他突然开口,哪怕风雪肆虐,他的一字一顿落在云湄耳朵里,照样无比清晰,“听明白了吗?”
许问涯曾经从来不会对云湄这般命令性地说话。
飞扬的鹅绒暴雪反衬着黯淡的天光,与他眉目间交映,神色瞧来莫名扭曲。
时至今日,他已然显出了一角与他父亲如出一辙的、极富控制欲的底色了。
许问涯自认,从官场上的手段来看,他与父亲没差,甚至有过之而无不及,私情上来说,他不愿意成为父亲那样的人。
可是……可是,他极其厌恶被人牵动在股掌之中加以蒙骗的感觉,现而今乍然遇见了这种荒谬的事情,古往今来都没有可以借鉴的处理方式,只能遵循躁动的本心。
甚至萌生了一种就此将她绑缚起来,强留在身边的扭曲思想——也许这就是恶劣的一脉相承,当年阿娘意欲改嫁,父亲就是这么对待她的。
这无疑加剧了施氏的病情,许问涯自小怨恨无比,可眼下遭遇此事,他的第一反应,竟然是效仿父亲。
许问涯对自己感到恶心,可同时又对未定的来日生出惶恐。
手中紧攥的这只柔荑,仿佛下一息便会消失不见,他迫切想要采取一些强硬的措施,永永远远地将它留住。
这么想着,不等云湄回答,他忽然问:“上次交予娘子的金串,带来了么?”
云湄耳朵冻得发僵,正艰难思考他上一句话的含义,这下思绪被勾走了,颔首说:“早上才盘过一回帐,走得匆忙,没来得及脱下来。

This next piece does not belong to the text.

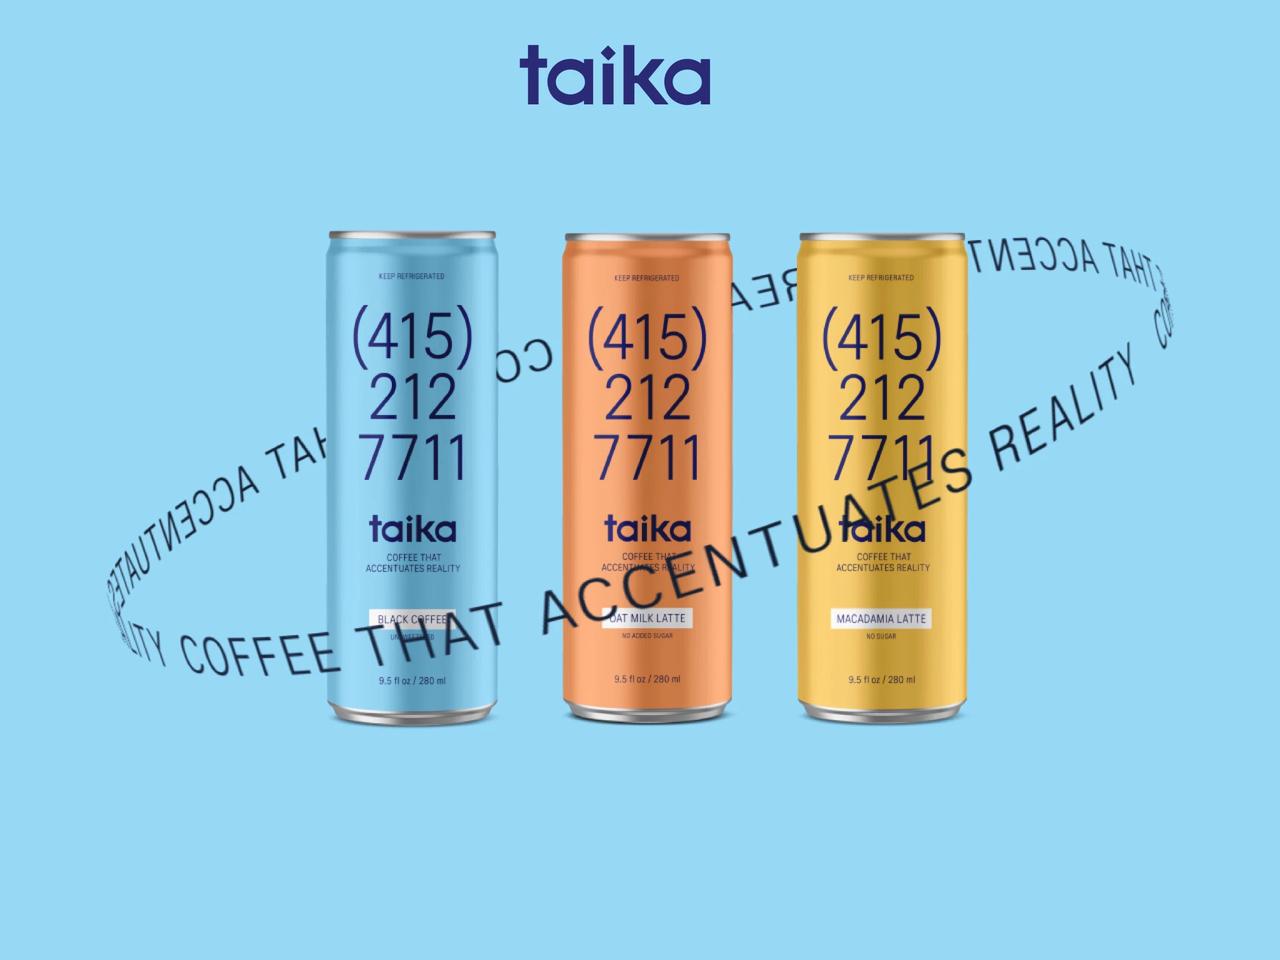 不关注咖啡的产地,但关注你喝完的感受,植物基咖啡品牌 Taika 获 270 万美元种子轮融资
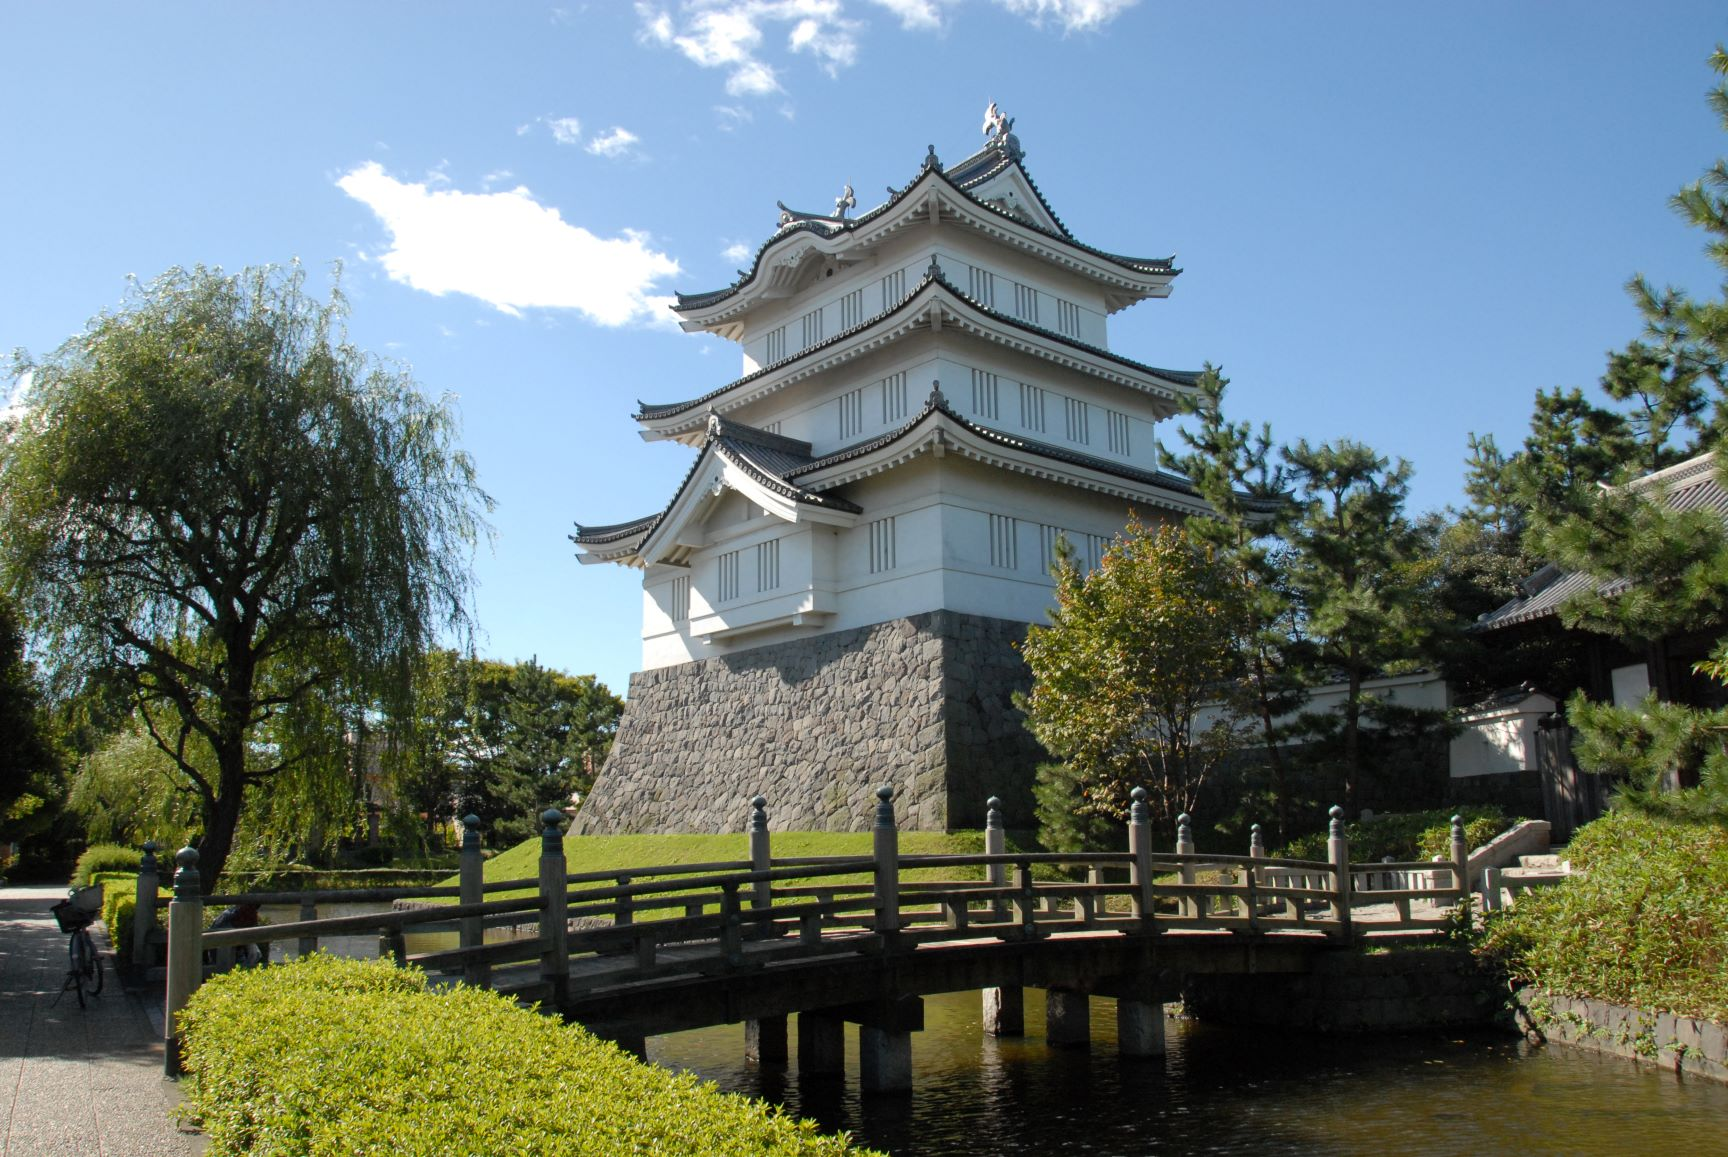 忍城は映画『のぼうの城』の舞台として知られ、秀吉の小田原遠征に際し激戦が繰り広げられた

”
她知道许问涯指代的是在她病中,送给她的一些大蔚各地的别庄产业,彼时是想着让她挑个地方养病,云湄被洞庭二字刺到了神经,赶忙以“要始终在家里等着许问涯散值归家”
为由婉言推拒了。
许问涯牵起她的腕子,垂目将那金串褪了下来,期间说:“这样式不好看,我请匠人再打磨打磨,回头还给娘子。”
云湄哪里管得了这话题转得突兀不突兀,心下只巴不得他把这串烫手山芋给拿走,于是连连点头。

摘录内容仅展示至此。